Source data
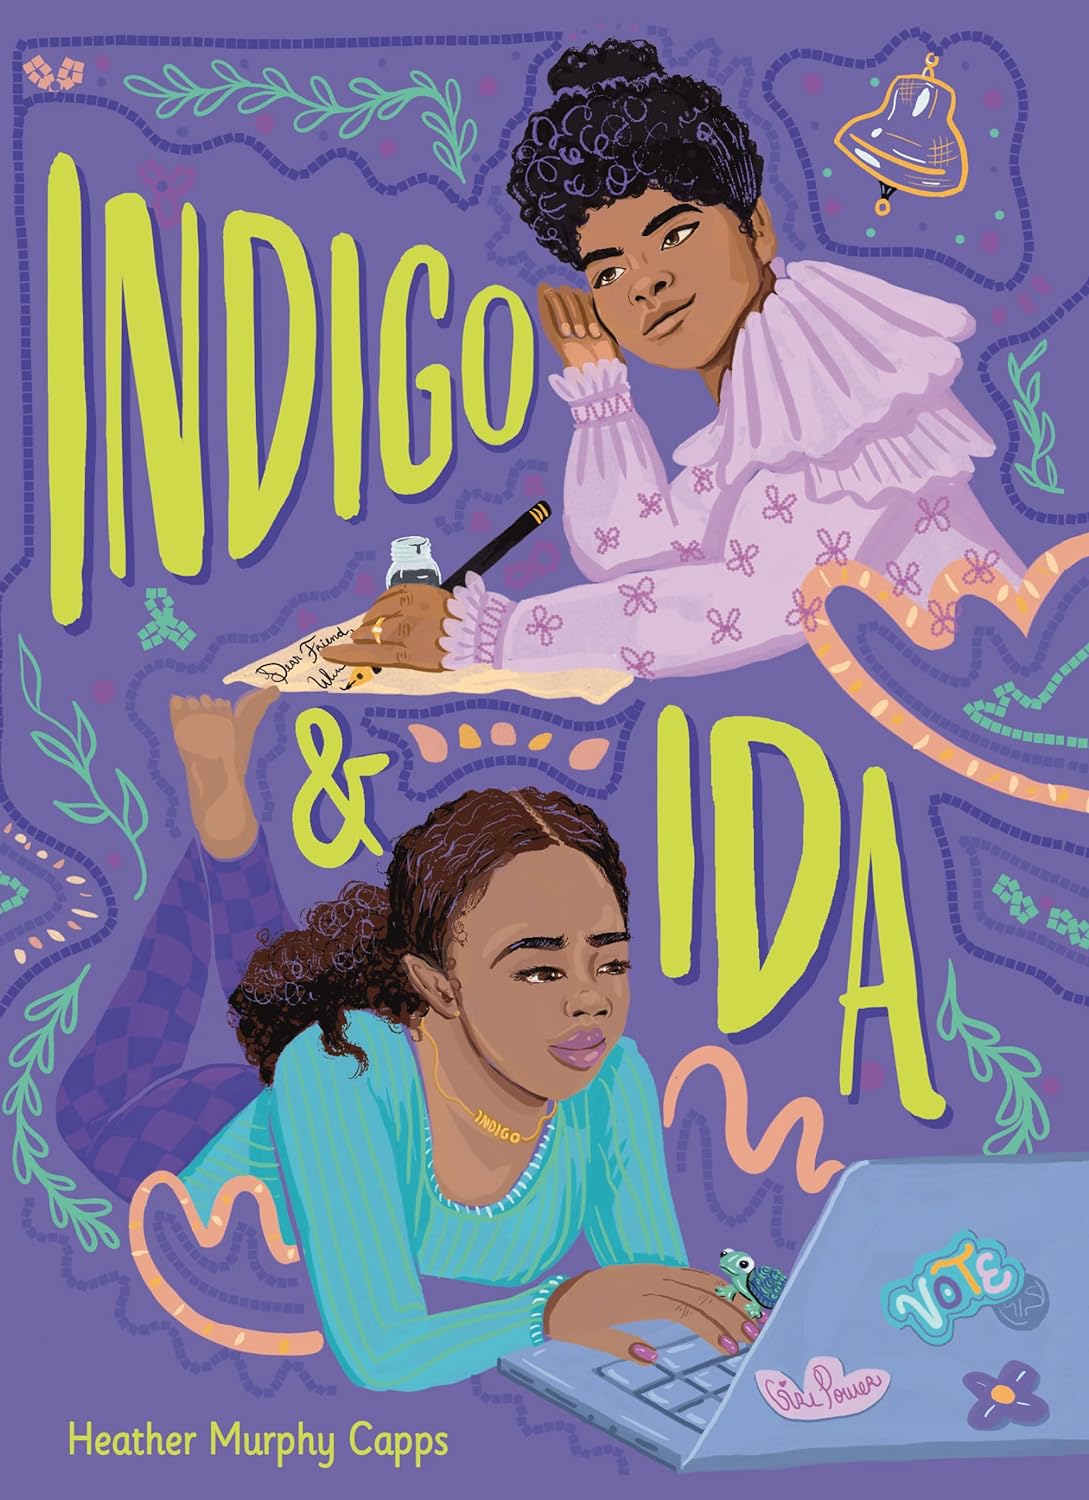 Indigo & Ida (book discussion guide)
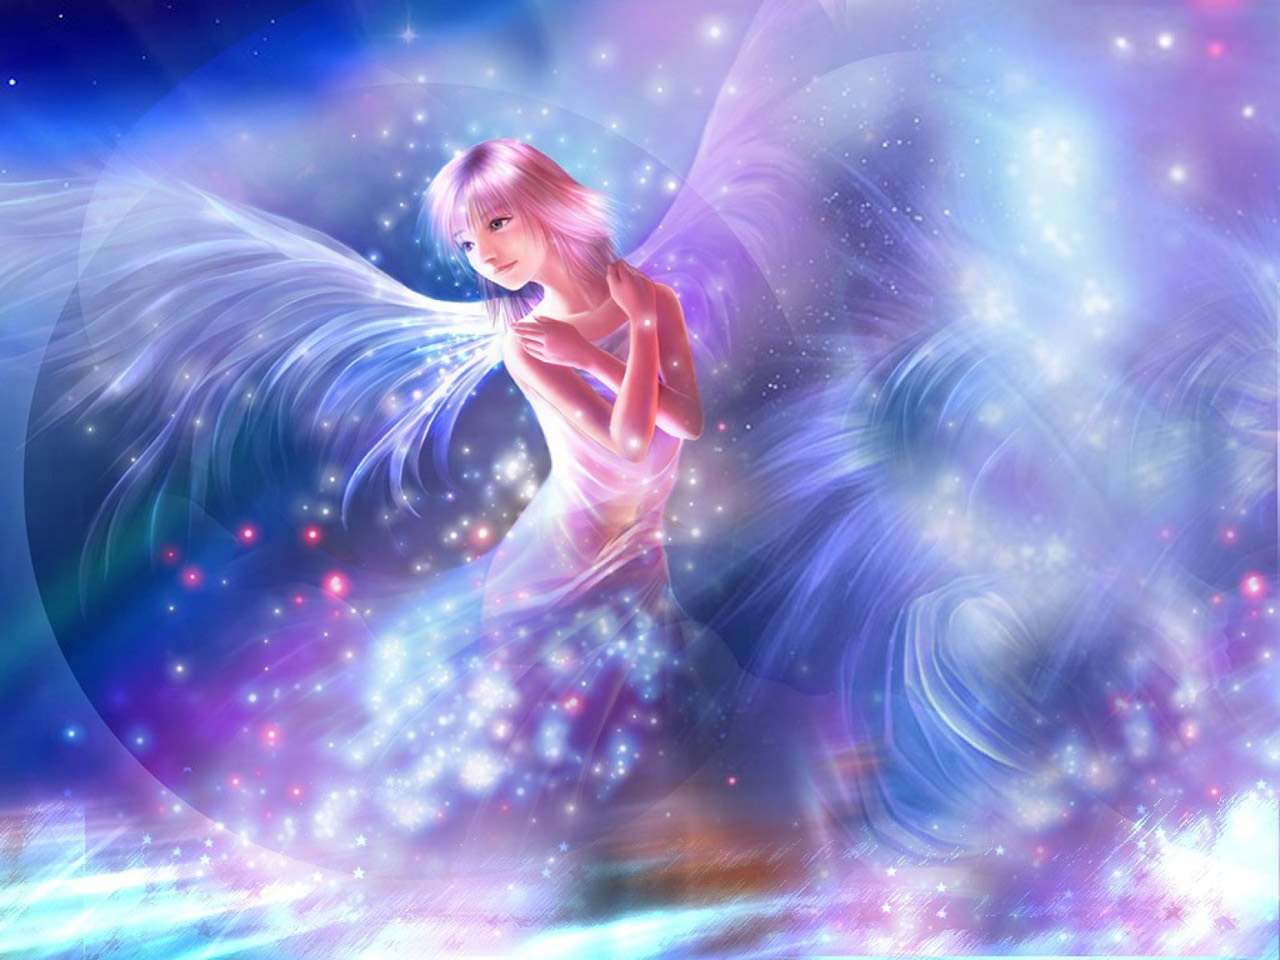 Shining Angel Fantasy Puter Desktop Wallpaper Pictures
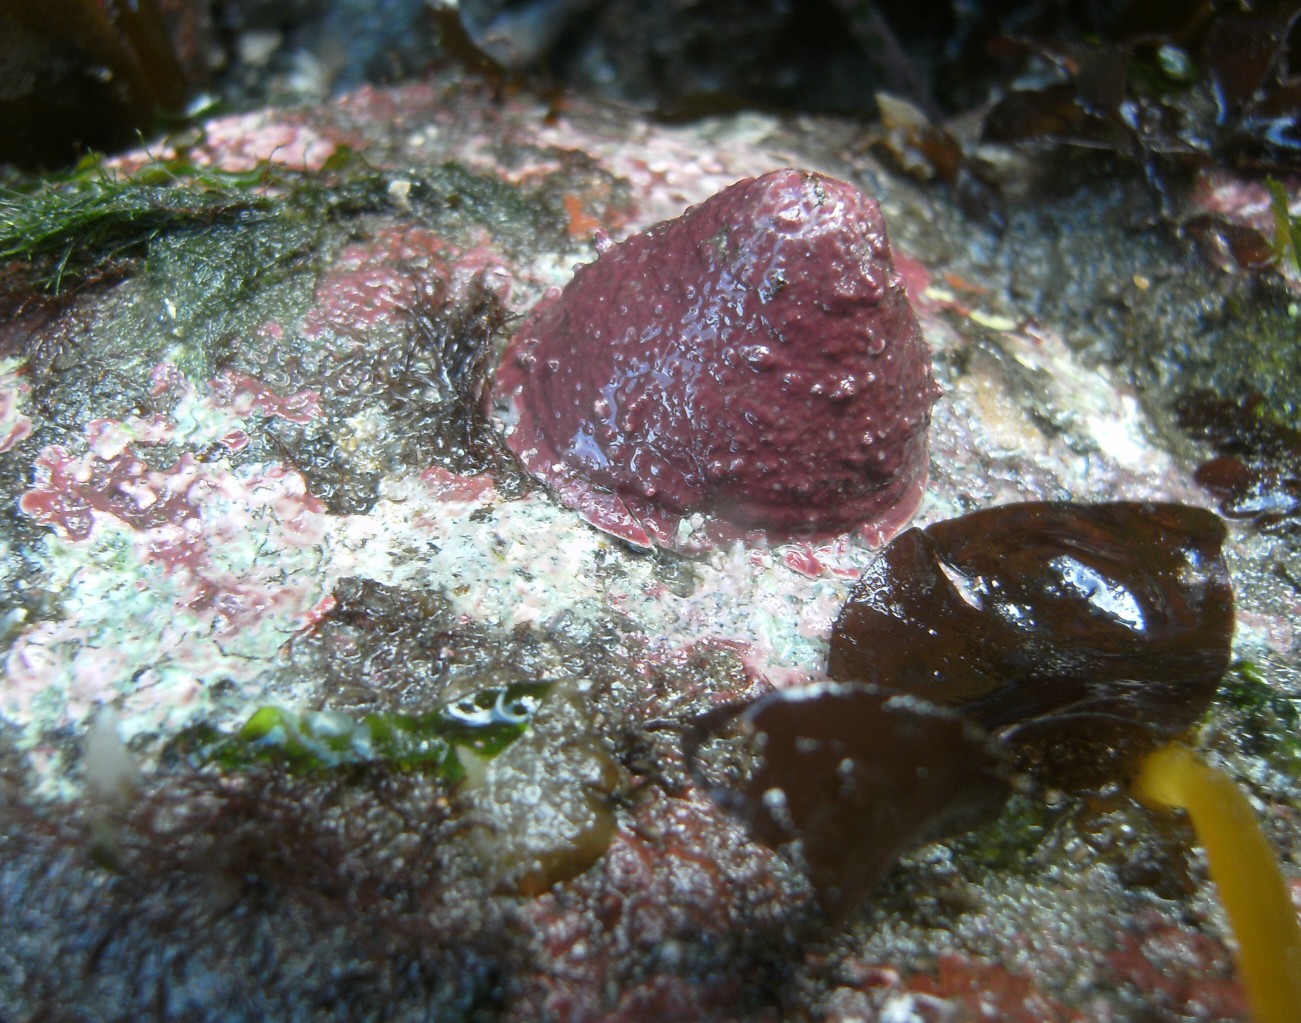 With coralline algae
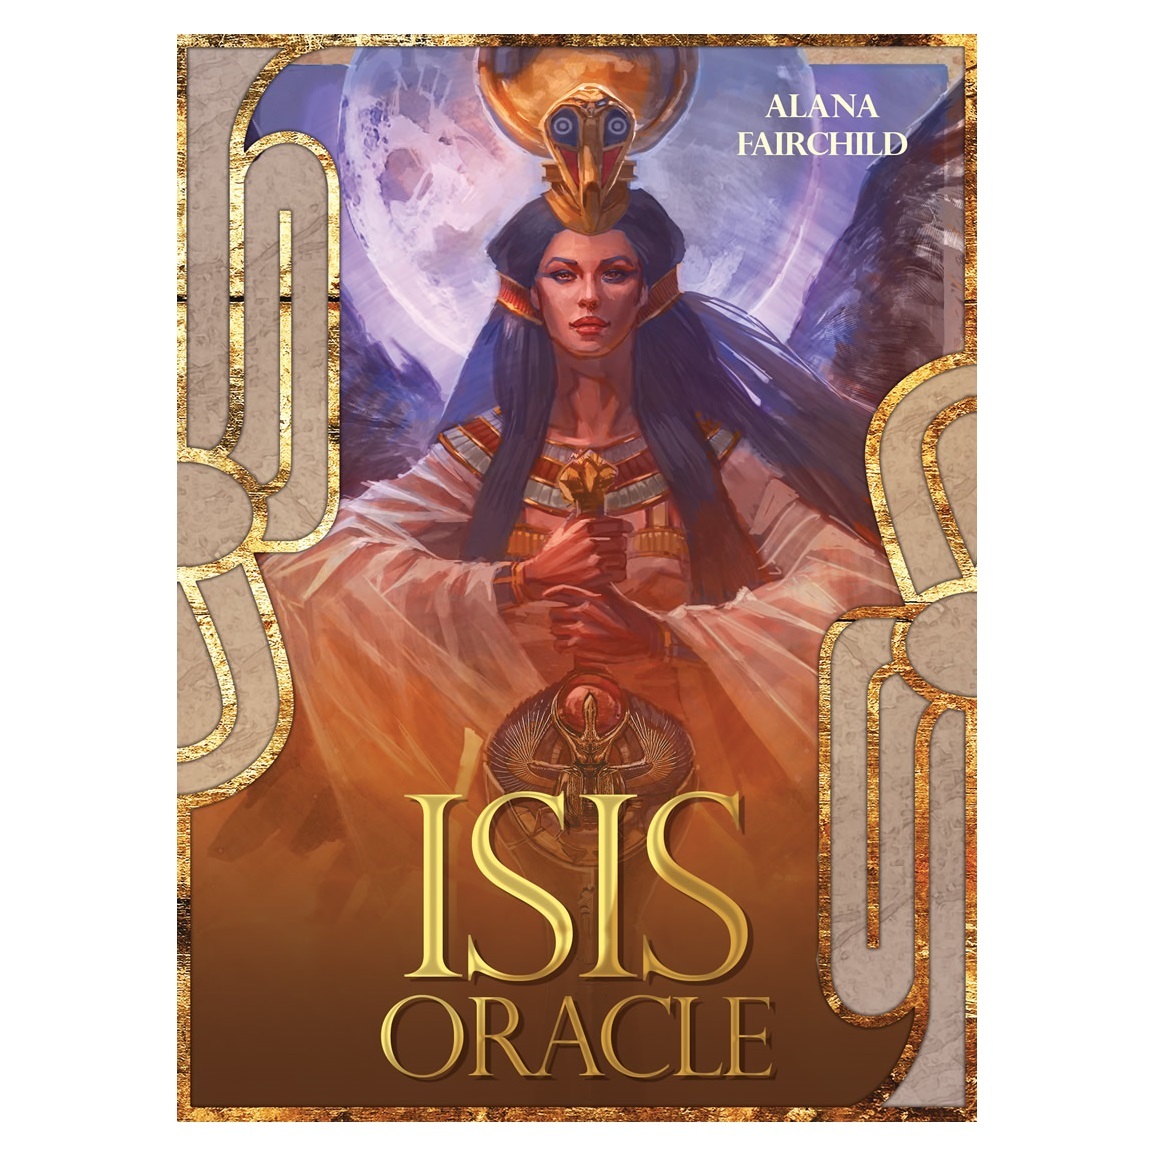 

Оракул Изиды (Isis Oracle)
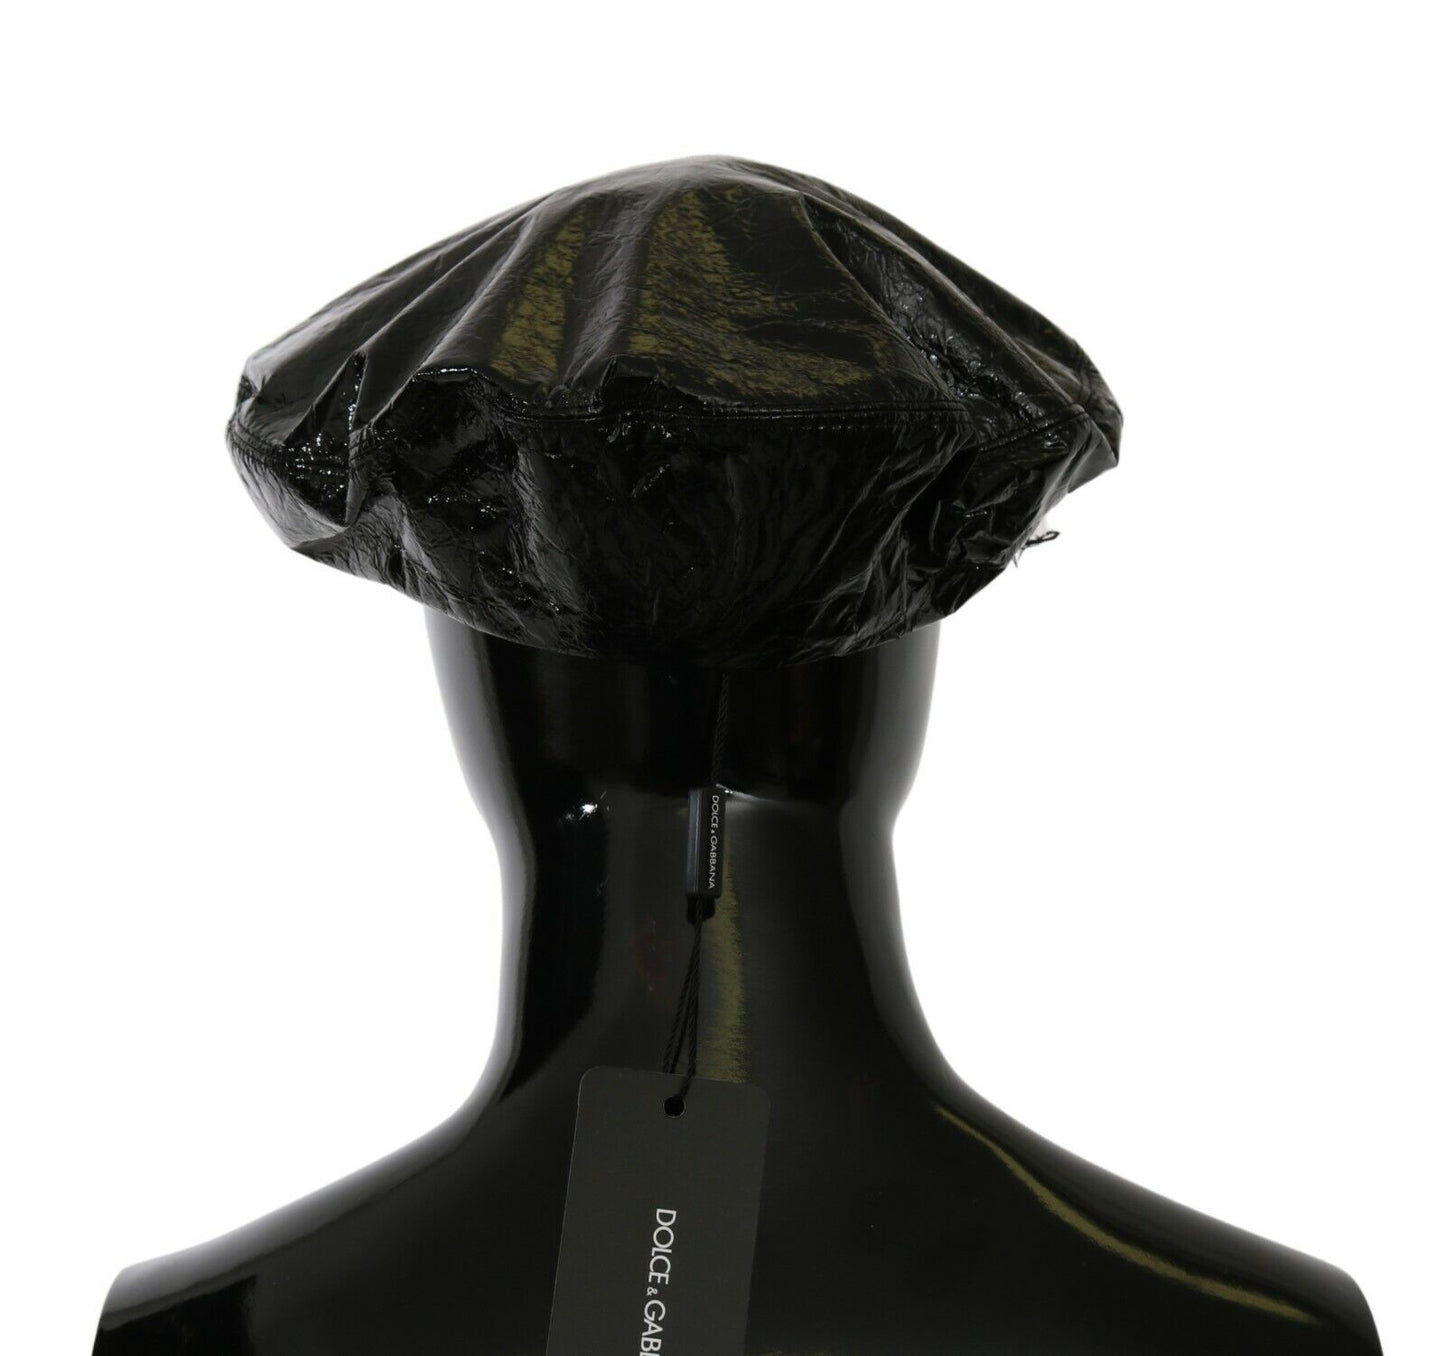 Black Shiny Leather Newsboy Cap Hat

Task:
Output each entry shown above exactly as it stands, with all pictures removed.

Written response:
 Indigo & Ida (book discussion guide)
 Shining Angel Fantasy Puter Desktop Wallpaper Pictures
 With coralline algae

Оракул Изиды (Isis Oracle)
 Black Shiny Leather Newsboy Cap Hat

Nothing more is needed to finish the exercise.